Triple buffering

Hi, I’m curious if anyone has tried triple buffering. This is a generally useful framework, but I’m specifically thinking allocation-free MCMC (or maybe more accurately, iteration-independent allocation count).

I think it’s something like this:

function triple_buffer!(init, write!, log!, num_iterations)
    reading = init
    writing = deepcopy(init)
    logging = deepcopy(init)

    # Fill the pipeline
    write!(writing, reading)
    (reading, writing, logging) = (writing, logging, reading)
    write!(writing, reading)

    for i in 1:(num_iterations-2)
        (reading, writing, logging) = (writing, logging, reading)

        @sync begin
            @async write!(writing, reading)
            @async log!(logging)
        end       
    end

    # Empty the pipeline
    (reading, writing, logging) = (writing, logging, reading)
    log!(logging)
    (reading, writing, logging) = (writing, logging, reading)
    log!(logging)

    return nothing
end

Here write!(dest, src) takes a step in the whatever space, e.g. an HMC step, and log! outputs the results. I’m assuming we might not need to store the entire state at each step, and also that write! and log! might be closures, so they could have some fixed “scratch space” set aside to use for intermediate computations as needed. Oh, and both could themselves be parallel as well, of course.

Any thoughts? Too simple? Too complicated?

Especially interested if performance-oriented folks like @Elrod and @mohamed82008 think this approach could get good performance, or if there’s generally a better way to go about this.

Why the @async?
This seems rather general.
I think I’d have to try it out before I can make more informative comments.
My first comment would be that I think you could generally do better than 3x copies of init.
But anything heavy should of course be in the write! closure (or whatever the appropriate closure is).

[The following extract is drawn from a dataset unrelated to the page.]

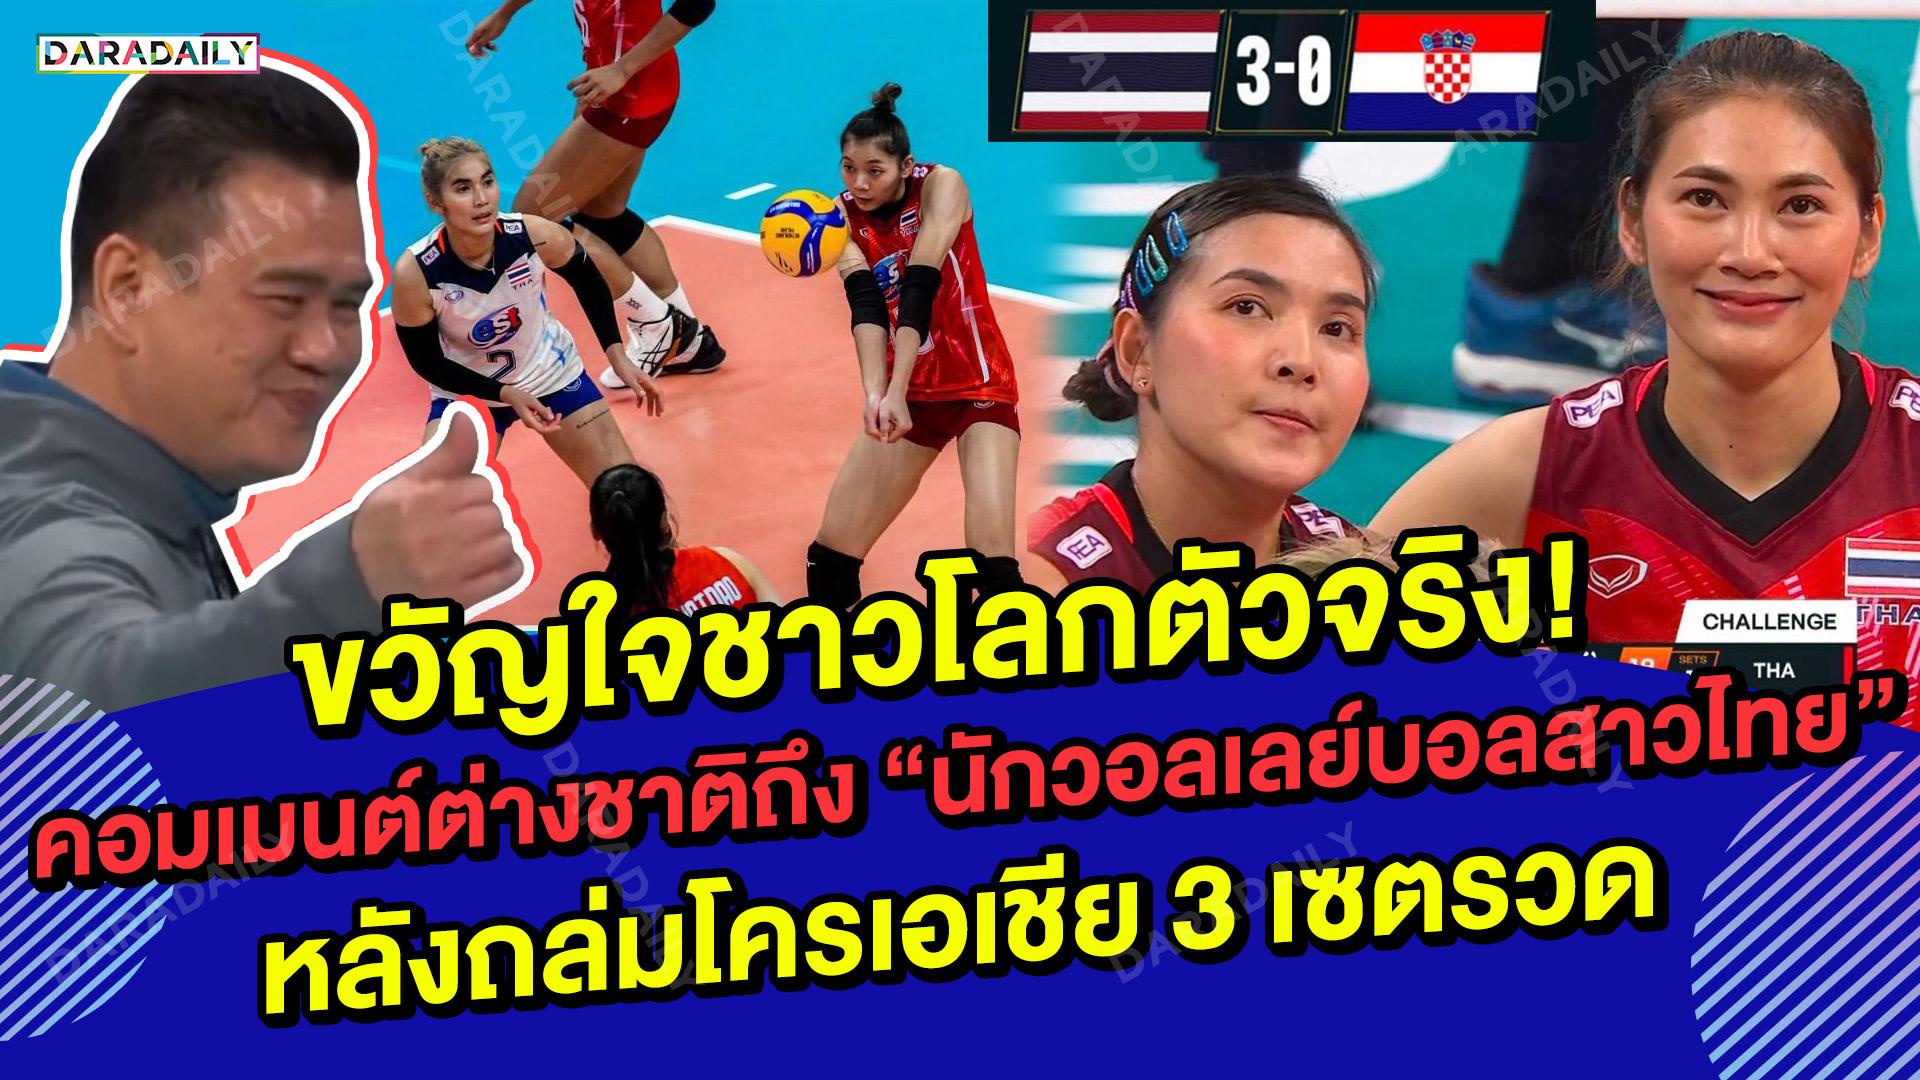 ระเบิดฟอร์มโหดขวัญใจชาวโลกตัวจริง! คอมเมนต์ต่างชาติถึง “นักวอลเลย์บอลสาวไทย” หลังถล่มโครเอเชีย

For HMC I had just one, and copied the contents into the saved samples. The need to copy is the price you pay for having zero-allocation trees; you can’t just store the last state if that state is part of a preallocated buffer and about to be over written.
I think this is generally a lower cost with HMC, especially when sampling chains from multiple threads.
I think this is a similar idea.

1 Like

The idea is to keep reading, writing, and logging from slowing each other down. Separating them makes it so we can do all three at the same time. For example, if I only had one copy I’d have to take a step and then wait for information to be copied out. Double-buffering should do better. Triple might be a bit extreme, guess it may depend whether we end up bound by IO or computation.

I haven’t done much with parallel programming in Julia (mostly OpenMP years ago), but the @async is just there to allow the parallelism.